6.3 Interval estimation of two normal populations
(1) Two total variance known
The function Twosample.ci () that calculates the confidence interval in R is as follows, with the input parameter being the standard deviation of sample x, Y, confidence α, and two samples.
> twosample.ci=function (X,Y,ALPHA,SIGMA1,SIGMA2) {+ n1=length (x); N2=length (y) + xbar=mean (x)-mean (y) + Z =qnorm (1-ALPHA/2) *sqrt (SIGMA1^2/N1+SIGMA2^2/N2) + C (xbar-z,xbar+z) +}
The z-Test function z.test () described above can be used to calculate the confidence interval of the two population mean difference in the case that the two population variance is known, and to illustrate the known standard deviation values by parameter sigma.x and SIGMA.Y respectively.
Cases:
Bamberger's is a 0-pass store that provides the community with popular goods, and in an effort to maintain the good reputation of the store, the company implemented a plan to extend the business hours to the night.
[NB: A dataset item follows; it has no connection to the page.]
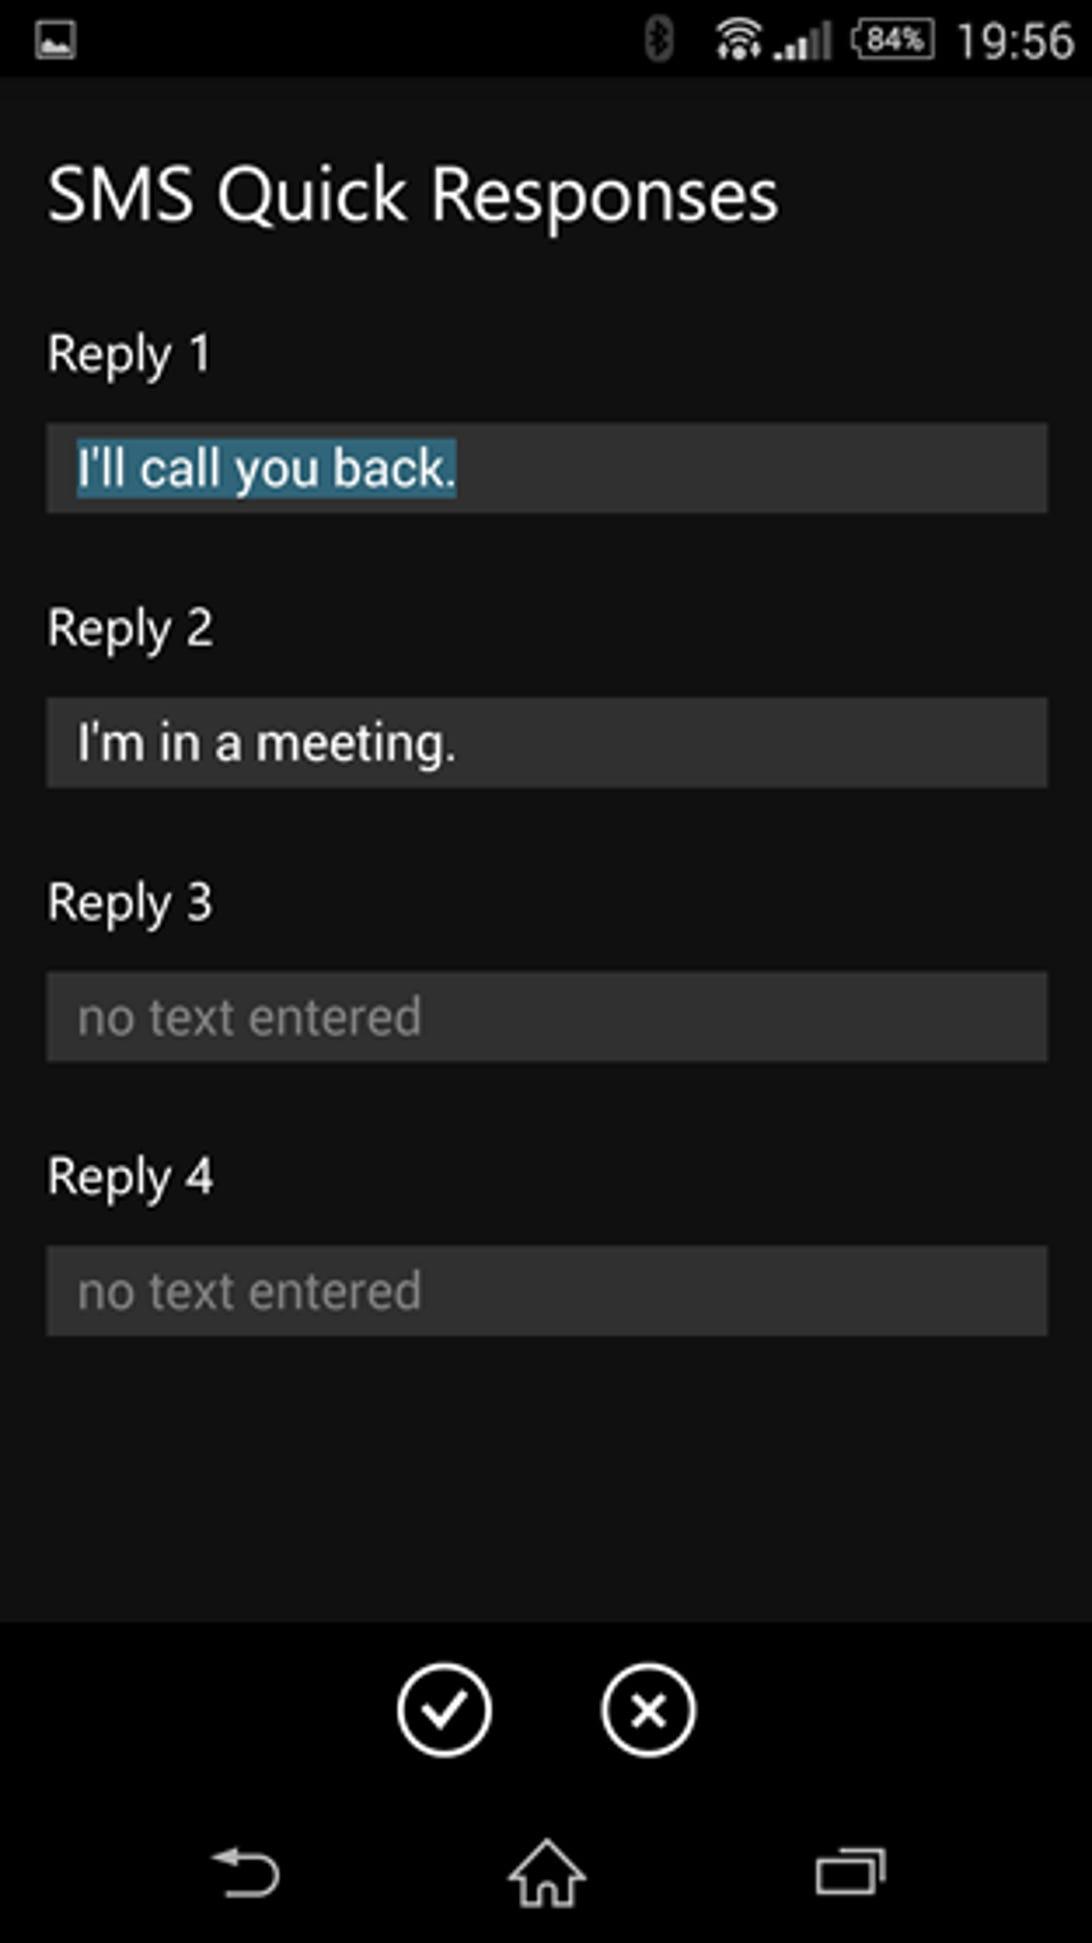 screenshot2014-11-03-19-56-07.png

The Bamberger's sales data for the 27 typical weeks before and after the extended business hours were used as an example (in million units) to calculate the interval estimation of the mean difference between the two samples, so as to show the effect after the plan was implemented. First look at the basic types of data and draw a histogram comparison.
> sales=read.table ("D:/program files/rstudio/sales.txt", header=t) > Head (Sales) prior Post1 67.90 86.102 76.12 71.133 68.64 116.254 74.94 102.605 63.32 97.516 50.43 65.39> Attach (Sales) > par ( Mfrow=c) > hist (Prior) #分别绘制计划前后销售额的直方图 > hist (POST)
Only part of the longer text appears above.